Over the past couple of years, though, it felt like many of us shuffled inward, both due to isolation practices as well as our own anxieties. We traveled less. It was about day-to-day survival for many. And when your friends don’t live close by, it’s natural for some fizzling of relationships. A daily text may become a weekly one; then longer. You might forget to ask about the little things, like a friend’s child’s wiggly tooth, or their husband’s new promotion. Everyone means well; but there’s no structure in place to maintain friendships, the way there is for families who have milestones where they are expected to gather (birthdays and holidays).
Many of us are left feeling unrooted. It’s an ache that my friends and I have discussed — we are unwelcome or uncomfortable in our families of origin, yet also increasingly disconnected from our friend groups, especially those that do have stable relationships with their families. We’re the ghosts roaming around on holidays; the ones whose homes are never quite as full as their neighbors’. Mostly, that’s okay. I love our small family, and I love our friends, even if we aren’t always able to connect in the ways we want. The exchange isn’t a perfect one, but it’s one I’m willing to uphold so that we can be the truest versions of ourselves in our relationships.
What I would want for myself and others in my position is some language, some community, around this feeling of rootlessness. After all, many of us desire the benefits of healthy family structures — unconditional regard, history, comfort — even if they seem impossible within our specific families of origin. They tell us that “family is everything,” and I don’t disagree. But let’s expand our definitions of family. It’s about time.

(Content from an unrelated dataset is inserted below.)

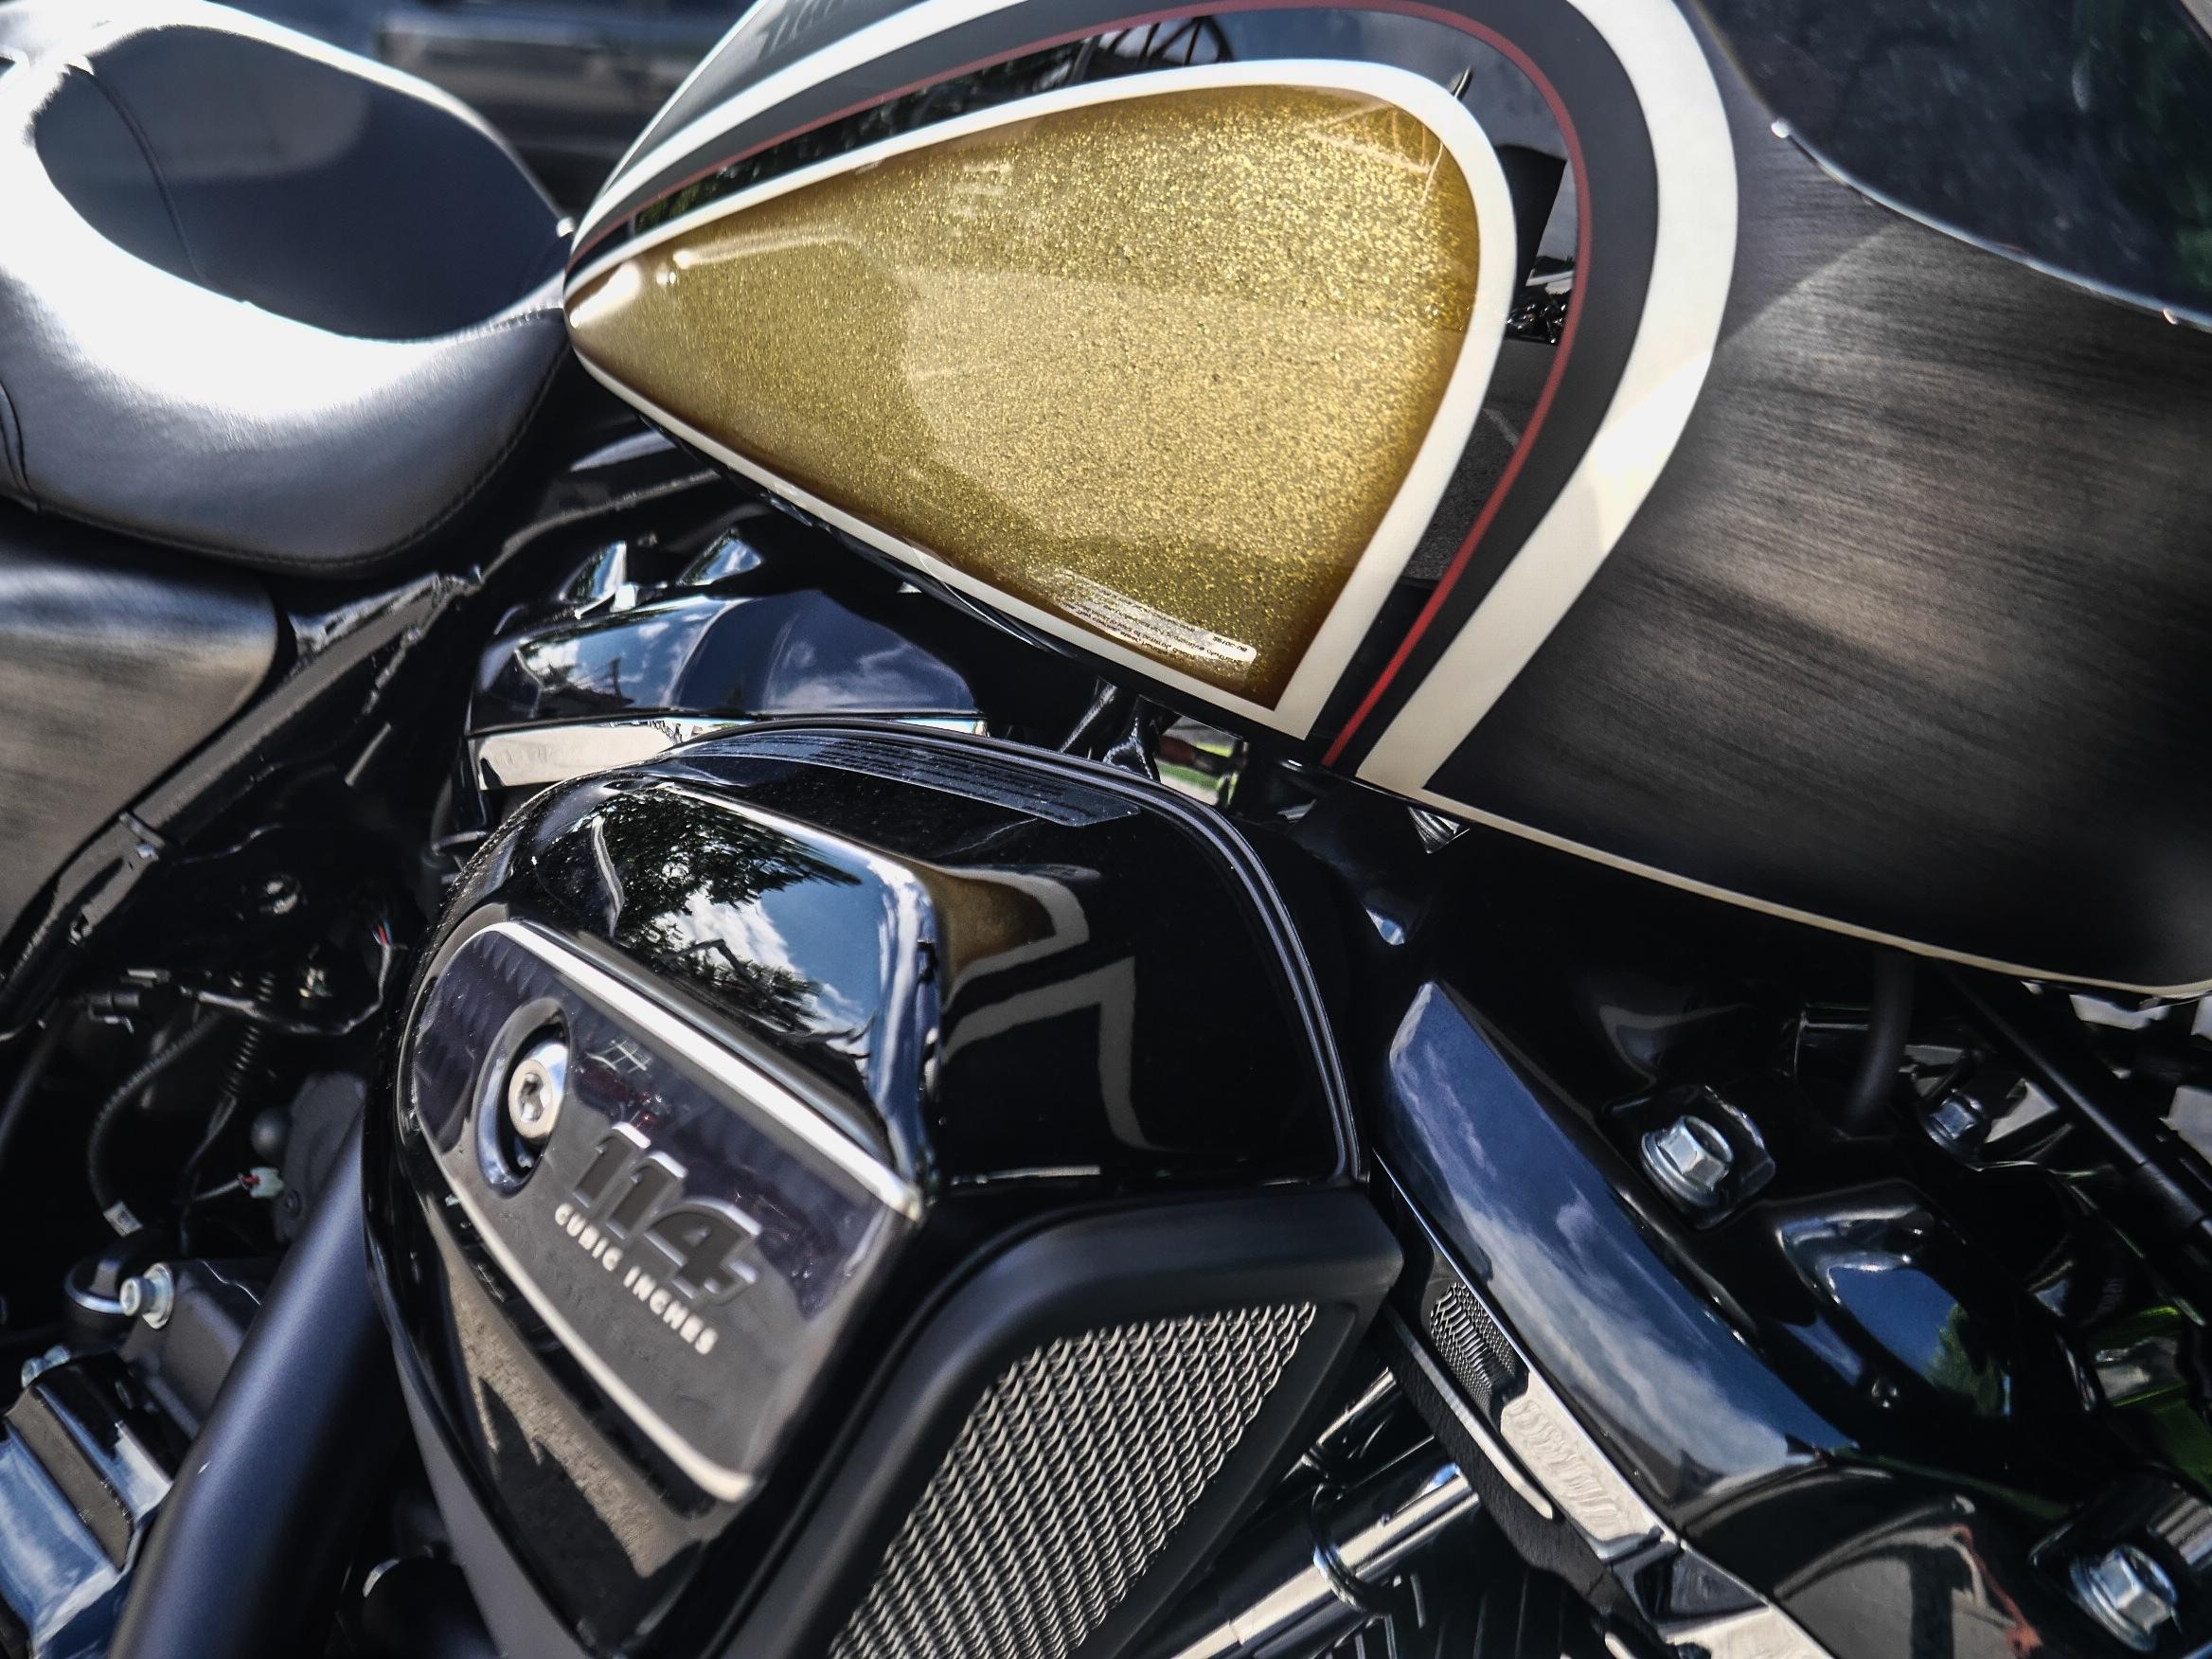 New 2019 Harley-Davidson Road Glide Special

When I think about my daughter and what she might want for her future, I hope she will want to spend some of her time with us after she leaves the home, even as she forms a family unit of her own. I know I’d love to open my house up to her and whoever she chooses to bring with her, like my neighbor does. But I also understand this is neither a guarantee nor a reasonable expectation. Despite my safeguards, I can’t foresee the ways we might fail our child, even accidentally. I can pledge to listen and try my hardest to mend anything we’ve broken, but it might not be enough.
And I hope if we can’t give her what she needs in terms of relationships, though we will try our damndest to evolve enough to do so, that she will be able to find what she needs in those who can commit to loving her in the way she deserves. The thing I want to teach her about families — chosen or otherwise — is that you can’t necessarily reshuffle your hand. But maybe you can find a new way to play with what you’ve been given.